I trace this tension between the vital surface life of flowers and the ornamental style with which they have come to be associated through collections of artifacts, historical figures, and botanical texts from the 17th to 19th centuries. I’m interested both in modes of scientific description, stylistic protocols for writing about flowers, and modes of representation, tensions around their illustration.
Each section charts a specific circuit between the scientific and ornamental, beginning with the Enlightenment vision of a true-to-nature description purged of “amplifications, digressions, and swellings of style” (Sprat), where figurative flourishes function as epistemic vice. Thomas Martyn’s translation of Rousseau’s Letters on the Elements of Botany, Addressed to a Lady, offers an example of a discursive tension around flowers: in Rousseau’s letters, the straightforward pursuit of botany, matching the stylistic norm of a “purified” scientific diction, is fringed with a language of flowers as containers for the appropriate affect and behavior of the women to which he writes.
The Linnaean descriptive regime around naming, describing, and illustrating plants, as Daston and Galison’s Objectivity contends, placed an emphasis on training the eye, creating a practice of specialized and selective looking, “one that saw past the surfaces of plants, bones, or crystals to underlying forms” (60). I want to place this epistemological vision of the botanist’s eye beside the demands placed on the designer’s eye, through the writings of Christopher Dresser, a designer who studied and wrote on botany, as well as on the “ministrations of plants to ornaments.” Between botany and decorative design, the creation of a vision in search of underlying forms within nature complicates the distinction between flowers’ surface ornamentation and structural utility, as both convey the flowers’ “vital force.”

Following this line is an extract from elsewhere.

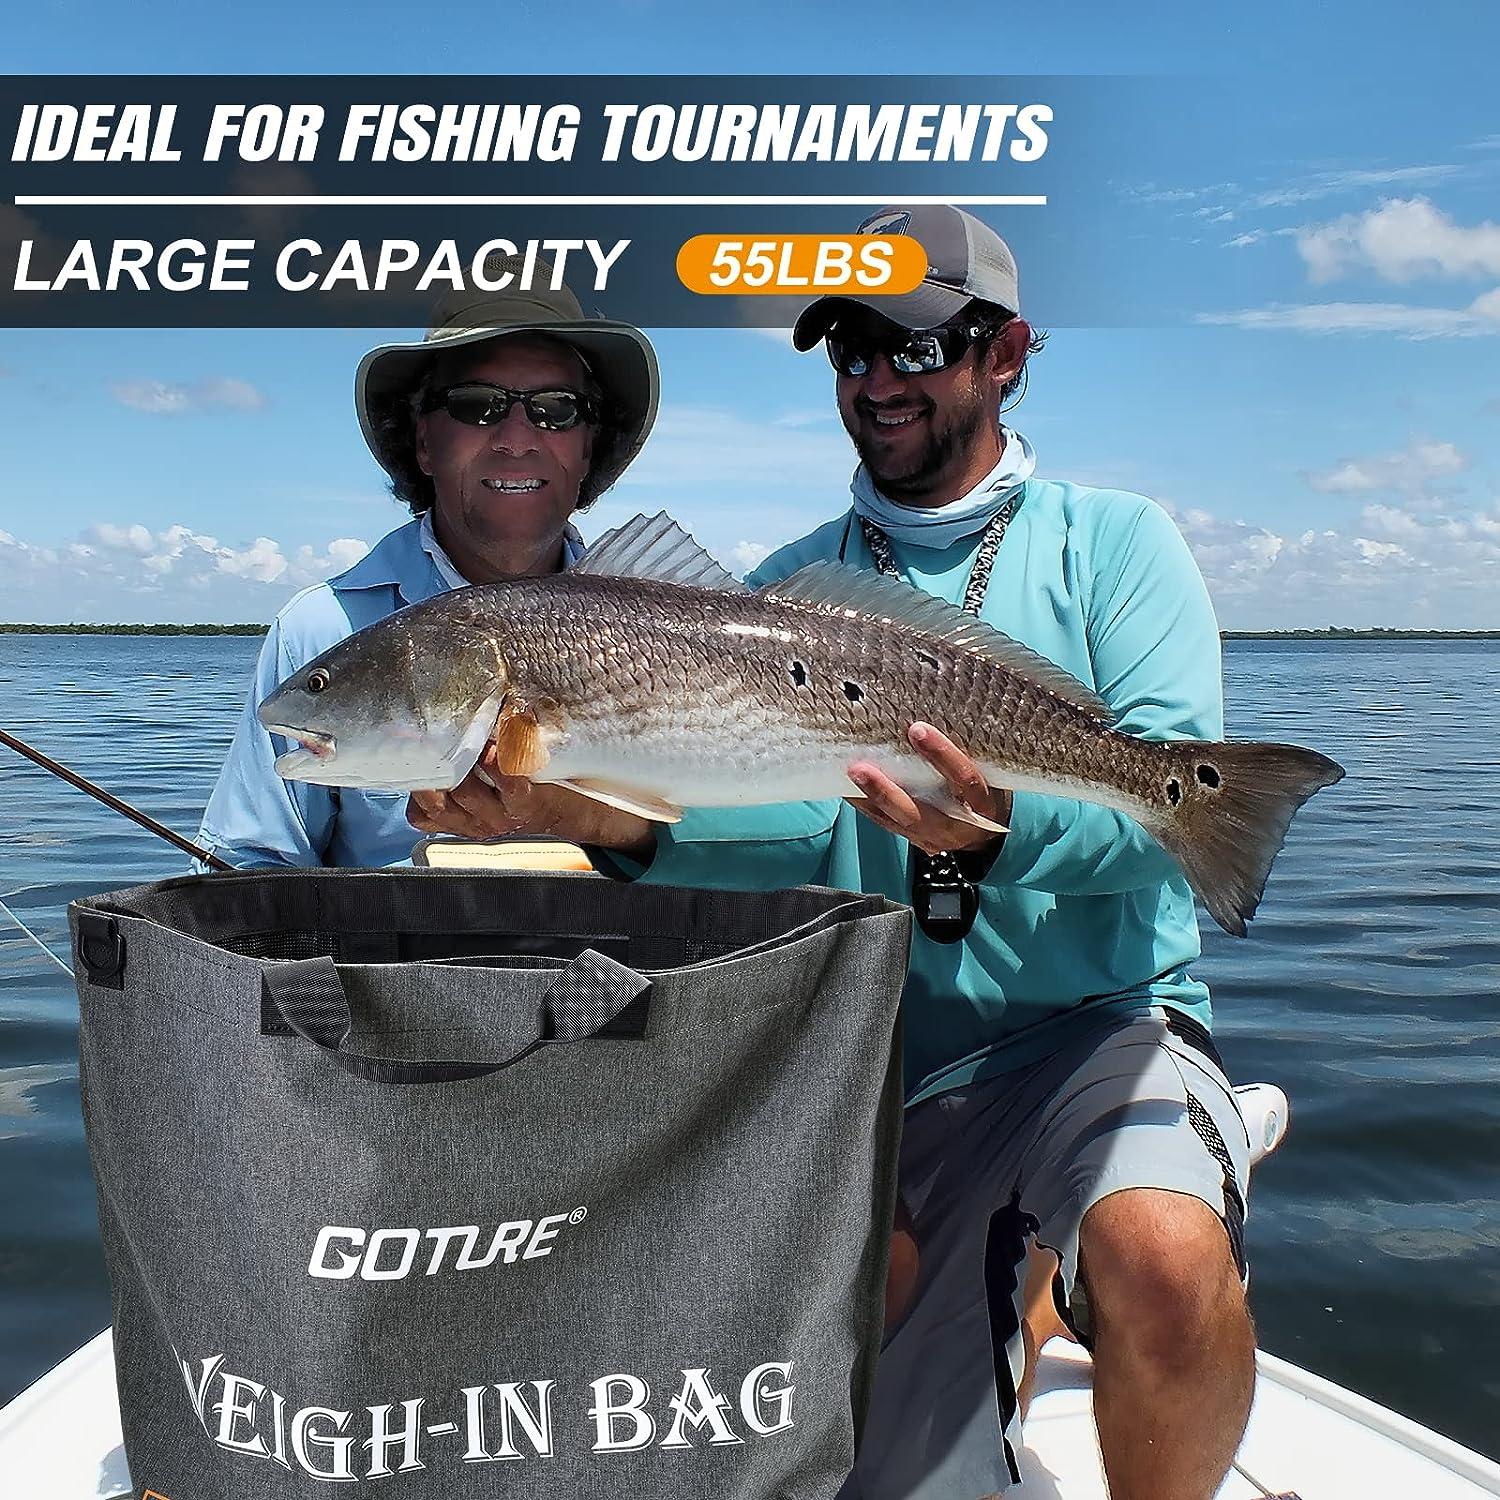 Goture Tournament Fishing Bag,Bass Weigh in Bag with Built-in 18inch Fish  Ruler 2 in 1 Kit, Removable Inner Mesh Tournament Fish Bags,25.6x22inch  Heavy Duty Weigh In Bag for Bass Fishing C:Fishing Weigh-in

The Flora Danica/Flora Delanica section presents two narratives: that of the comprehensive botanical atlas of plants native to Denmark, the Flora Danica, the plates of which were painted onto an opulent porcelain dinner set in 1790, intended as a gift for Catherine the Great of Russia; and that of Mary Delany’s “paper mosaicks”—Flora Delanica—over 1,000 botanically accurate collages of flower specimen, created by the then-72-year-old Delany out of many minute pieces of colored paper, occasionally with some bits of plant matter folded into the reproduction, and using techniques from her extensive familiarity with cutting paper needlework patterns. These narratives raise questions of royal patronage, objets de luxe, and the nationalist project of much botanical illustration, as well as genteel women’s craft, the practice of which makes for the detailed looking and handiwork necessary to bring a scientific accuracy into this new art form.
Finally, in an interview in the Poetry Project Newsletter, poet Lisa Robertson asks, “What is to flourish? How can language be our best ornament?” To flourish is to blossom, to flower, to thrive; it is to grow vigorously and luxuriantly; it is the lively proliferation by which certain plants self-style. To flourish is also to adorn, to embellish, as with literary or rhetorical flourishes; here it signifies a kind of stylistic amplification. In a return to flower rhetoric, I will consider flower dictionaries, Victorian artifacts that claim a “language of flowers,” albeit one that applies sentiments onto the material organisms in a devitalizing emblematization. I want to put this “flower language” into play against a so-called “florid” prose style—a style that exceeds descriptive norms and is often castigated for this excess, yet which offers language in its sensuous detail as resistant materiality, calling attention to the surface “where lively variability takes place” (Robertson, “Rubus Armeniacus”).